When people want a work by a specific creator, the content is of far less importance than the causal chain—they want it because of who created it, not because of what it looks like, what it sounds like, or what the text might be. One example that nicely illustrates this is when Harry Potter series author J.K. Rowling wrote a book under a pseudonym. Before the true authorship was revealed, the book sold few copies. After the reveal, it became a top seller. The exposure of a forgery also shows this. A work can be greatly valued as, say, a painting by Picasso, until it is revealed as a worthless forgery. Nothing about the painting itself has changed, what has changed is the belief in who created it. In these cases, it is the creator and not the qualities of the work that matters. As such, creatives whose work is sought and bought because it was created by them have little to fear from AI, aside from the usual concerns about forgeries.  But what if I just want a picture of a dragon for my D&D adventure? Then AI does change the situation.

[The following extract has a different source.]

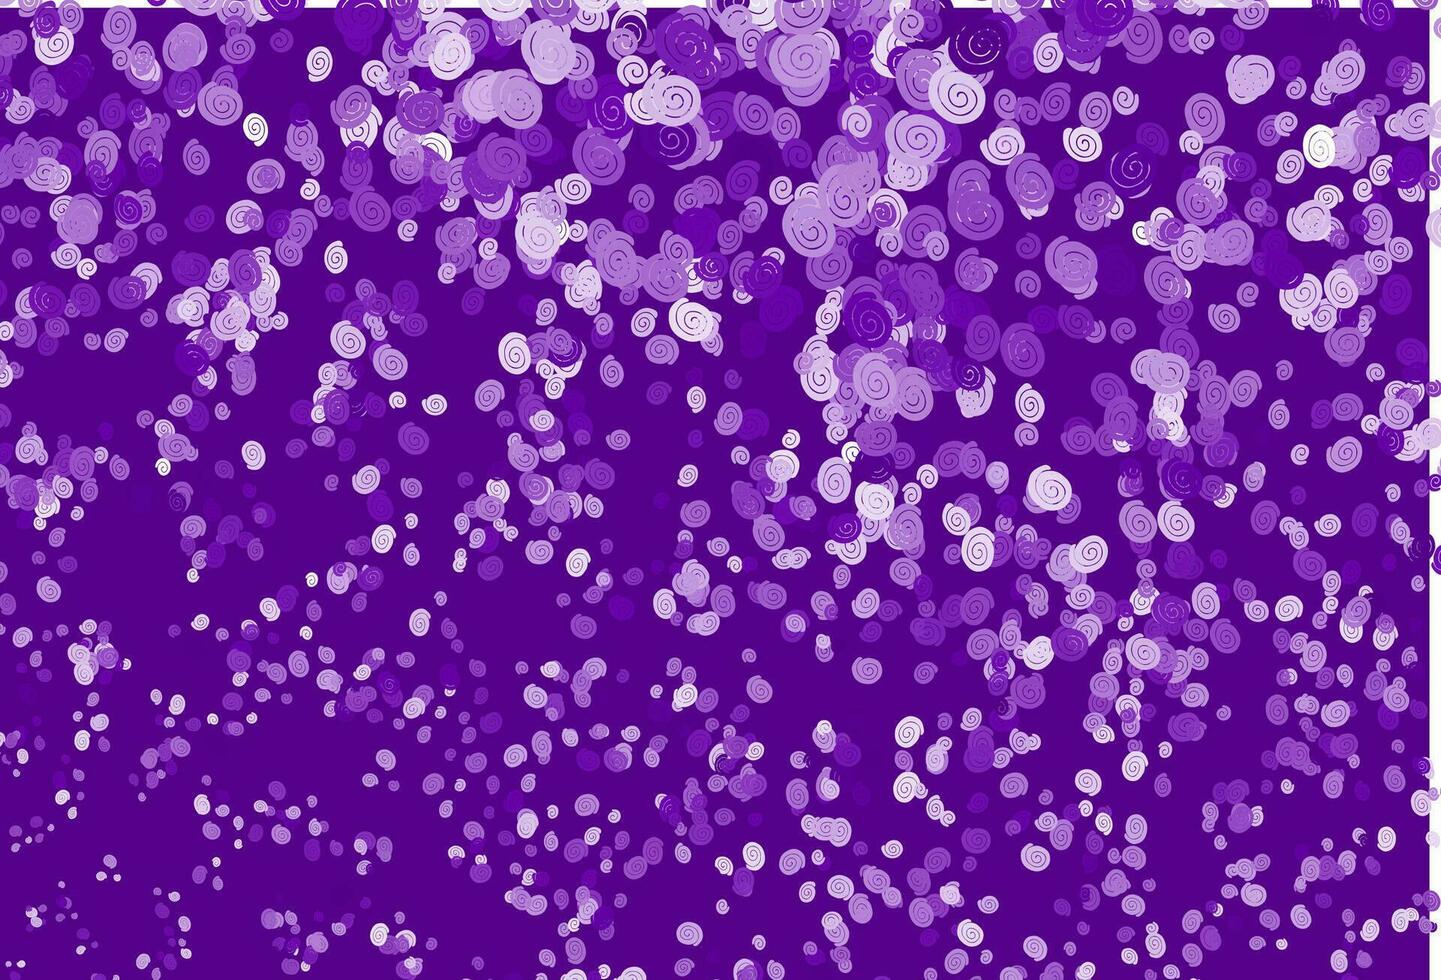 patrón de vector púrpura claro con formas líquidas.

Before AI became good at creating images, if I wanted a picture of a dragon, I would need to get one from a human artist or create it myself. Now I can just go to Midjourney, type in a prompt and pick between the generated images. I can even direct the AI to create it in a specific style—making it like the work of a known artist. As such, while AI is not (yet) a threat to creators whose works are sought and bought because they created it, it is a threat to the “working class” of creators who sell their work to those who are seeking a specific work rather than a work by a specific person. AI is a real threat to them, but a real boon to those who want works for the lowest price and want them quickly. AI is also a threat to those who might have been the next Banksy. If artists cannot earn a living while they work towards the fame that makes their works desirable because they are their work, then there will be fewer such artists. Of course, the value of such works is also largely a result of features of our economic system—but that is a matter way beyond AI and art.

In closing, creators like Rowling and Banksy will be just fine for now, but the “working class” creators will be facing increasing challenges from AI. This obviously should not be blamed on AI, but on those who create and perpetuate a system that allows people to inflict such harm on others just because they become less economically useful to the business class. The heart of the problem is that creative works are a commodity and that some people insist that others must labor for their profit—and ensure that violence is always ready to maintain this order.